- EXERCISE GOAL:
A letter-for-letter copy of the listing is required, with no pictures in it.

- AVAILABLE DATA:

□ □ □ □ □

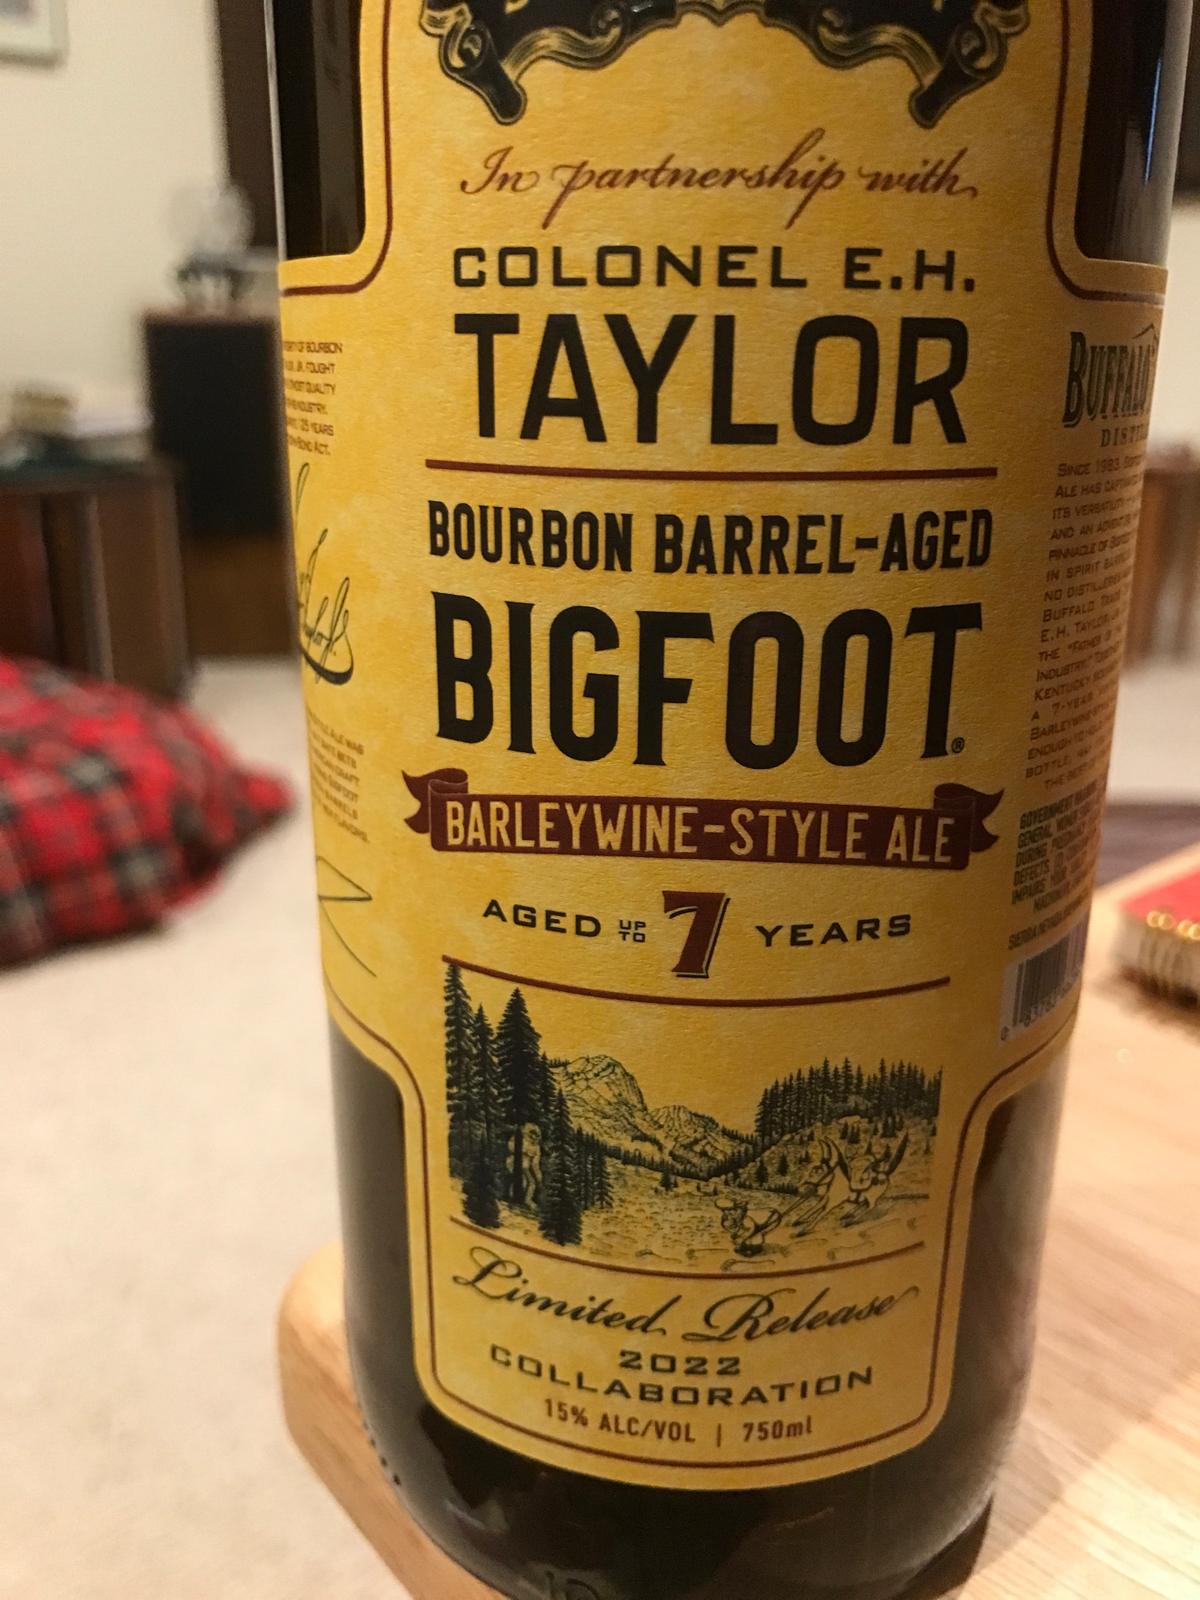 Bigfoot (Colonel E.H. Taylor Bourbon Barrel Aged)
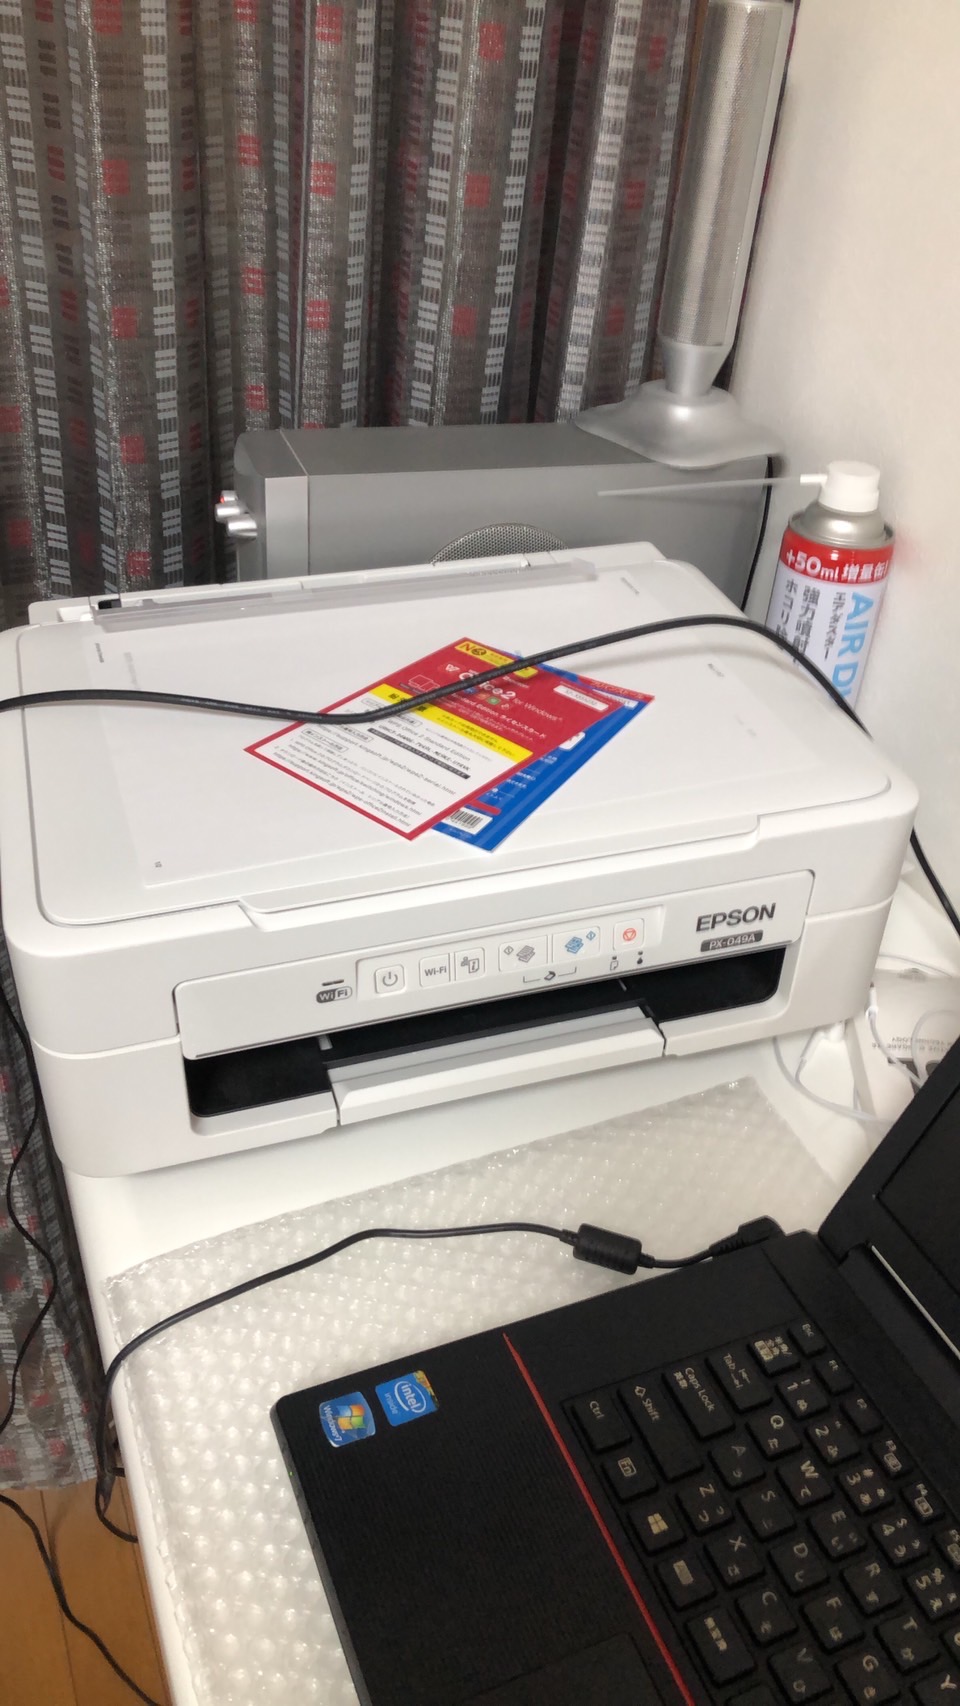 computer-printer-Collection and disposal
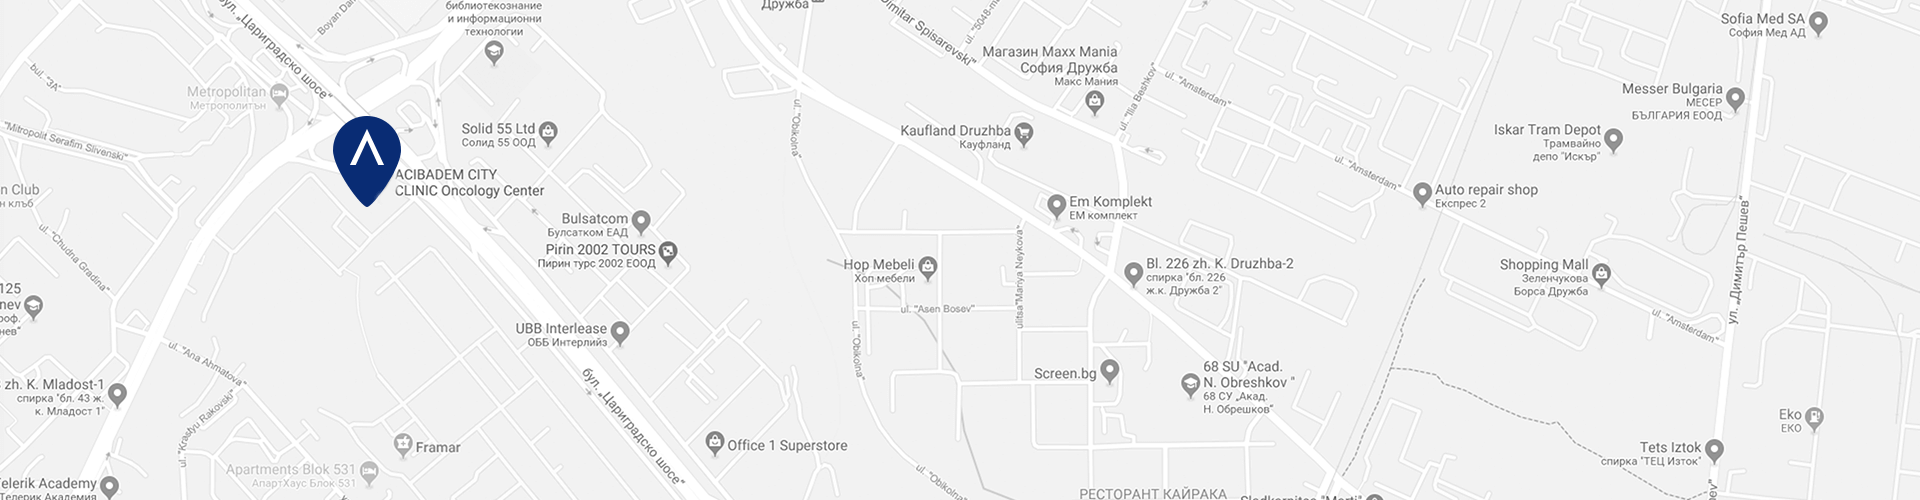 acibadem-city-clinic-cancer-center-google-maps-image.png

□ □ □ □ □

- WRITTEN REPLY:
 Bigfoot (Colonel E.H. Taylor Bourbon Barrel Aged)
 computer-printer-Collection and disposal
 acibadem-city-clinic-cancer-center-google-maps-image.png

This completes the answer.